Database Plugin
Lynx does not currently expose one generic lynx.db plugin. The real database entry points are the concrete SQL plugins: MySQL, PostgreSQL, and MSSQL, all built on top of lynx-sql-sdk.
Runtime Facts
| Database | Go module | Config prefix | Runtime plugin name | Common public APIs |
|---|---|---|---|---|
| MySQL | github.com/go-lynx/lynx-mysql | lynx.mysql | mysql.client | GetDB(), GetProvider(), GetDriver() |
| PostgreSQL | github.com/go-lynx/lynx-pgsql | lynx.pgsql | pgsql.client | GetDB(), GetProvider(), GetDriver() |
| MSSQL | github.com/go-lynx/lynx-mssql | lynx.mssql | mssql.client | GetDB(), GetProvider() |
Shared SQL Behavior
These concrete plugins all inherit the SQL SDK runtime capabilities:
- startup connection and validation
- connection retry
- pool monitoring
- health checks
- auto-reconnect
- warmup
- slow-query monitoring
- leak detection
So the right way to think about the SQL stack is "concrete DB plugin plus shared SQL runtime layer", not "one abstract db plugin".
MySQL Example
lynx:
mysql:
driver: mysql
source: "root:123@tcp(127.0.0.1:3306)/demo?parseTime=True"
min_conn: 10
max_conn: 50
max_idle_time: 30s
What The Official Template Uses
The official template currently chooses MySQL first, not a fake generic db block:
lynx:
mysql:
driver: mysql
source: "lynx:lynx123456@tcp(127.0.0.1:3306)/lynx_test?charset=utf8mb4&parseTime=True&loc=Local"
min_conn: 10
max_conn: 10
That matters because many older docs implied there was one abstract database plugin.

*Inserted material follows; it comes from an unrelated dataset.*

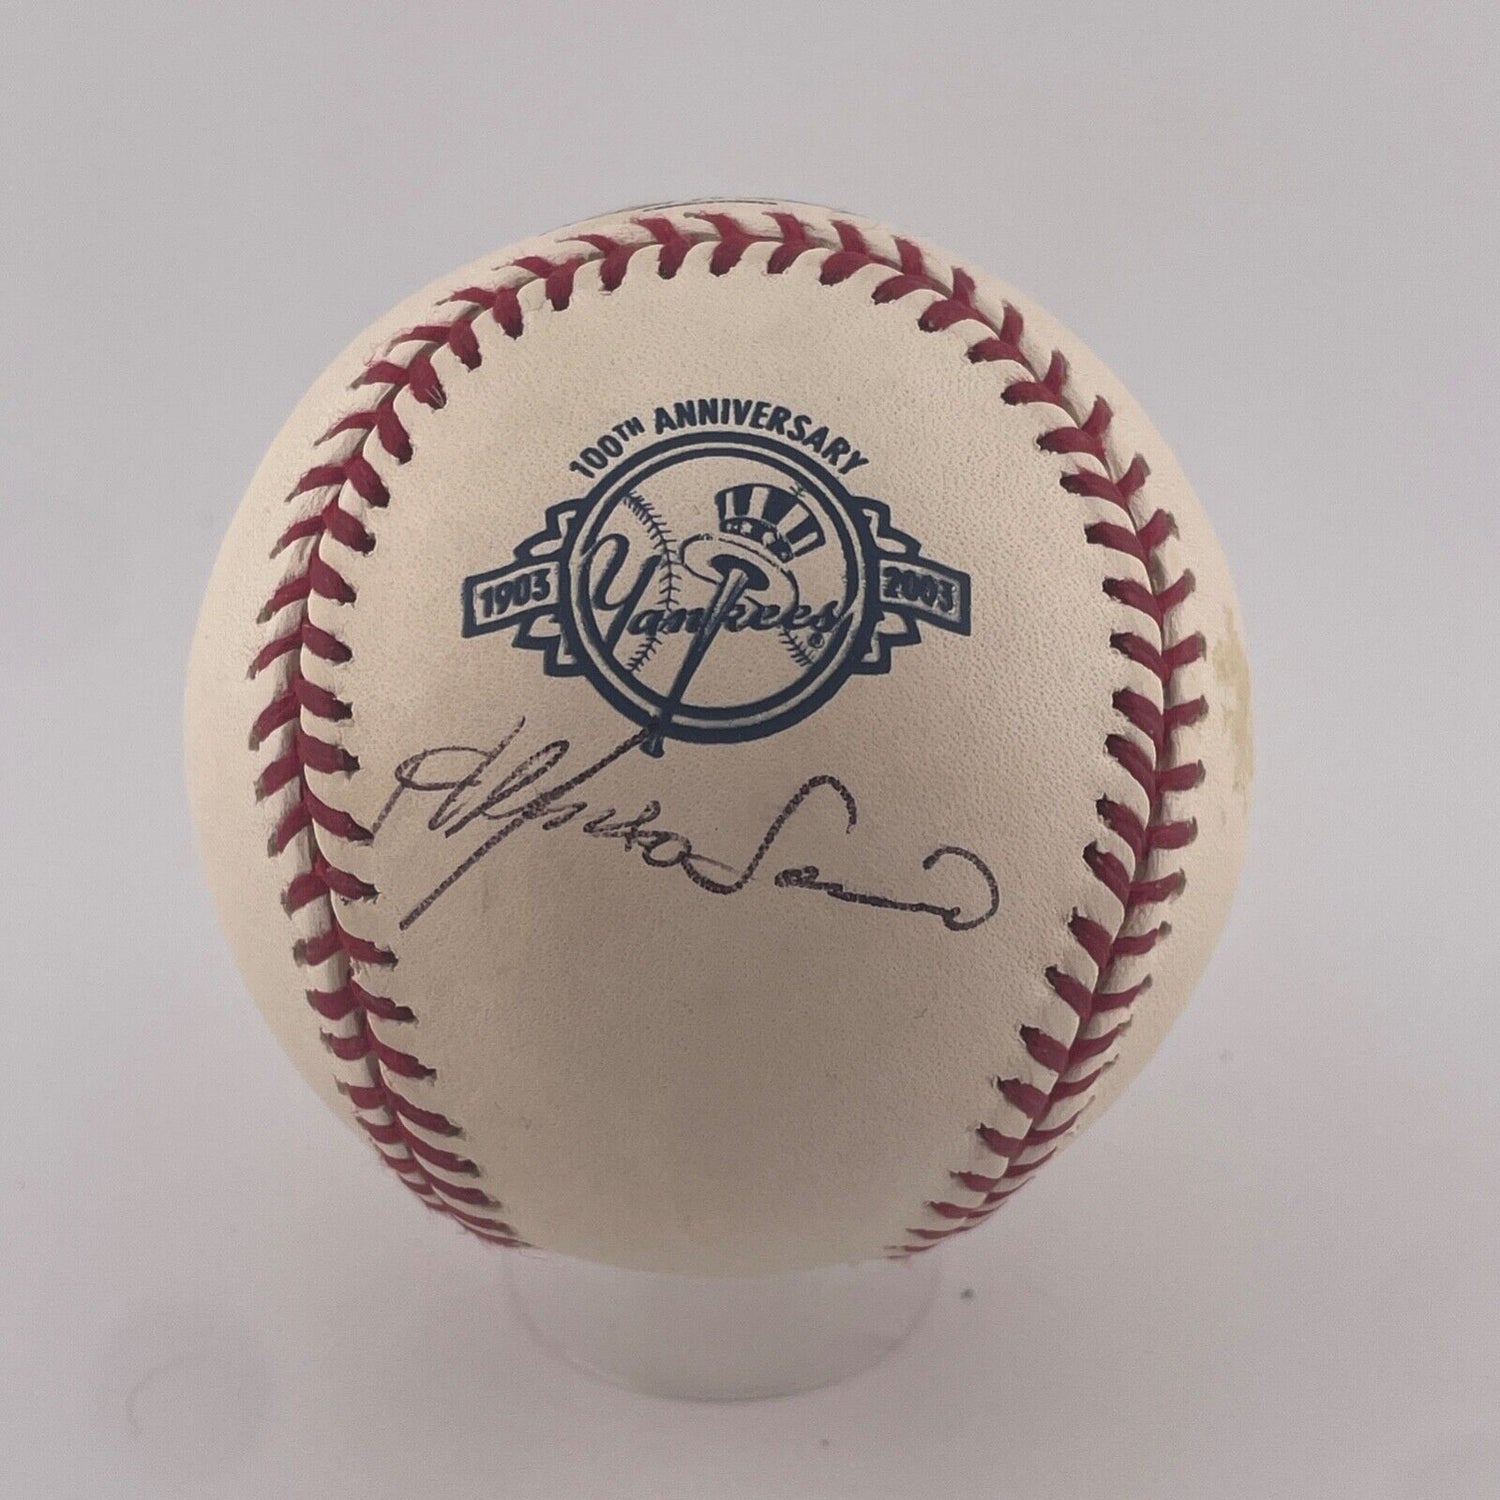 Alfonso Soriano Signed Baseball. NY Yankees. JSA

The real project template confirms the opposite: pick a concrete SQL plugin such as lynx.mysql, then consume its provider and runtime-owned pool.
PostgreSQL Example
lynx:
pgsql:
driver: postgres
source: "postgres://postgres:123@127.0.0.1:5432/demo?sslmode=disable"
min_conn: 10
max_conn: 50
How To Consume It
import mysql "github.com/go-lynx/lynx-mysql"
db, err := mysql.GetDB()
provider := mysql.GetProvider()
driver, err := mysql.GetDriver()
Use the provider form for long-lived components when auto-reconnect is enabled, because caching an old *sql.DB or driver can become invalid after pool replacement.
This is also what lynx-layout/internal/data/data.go does. It calls lynx-mysql.GetProvider() and derives the Ent driver from that stable provider instead of caching a one-time DB handle forever.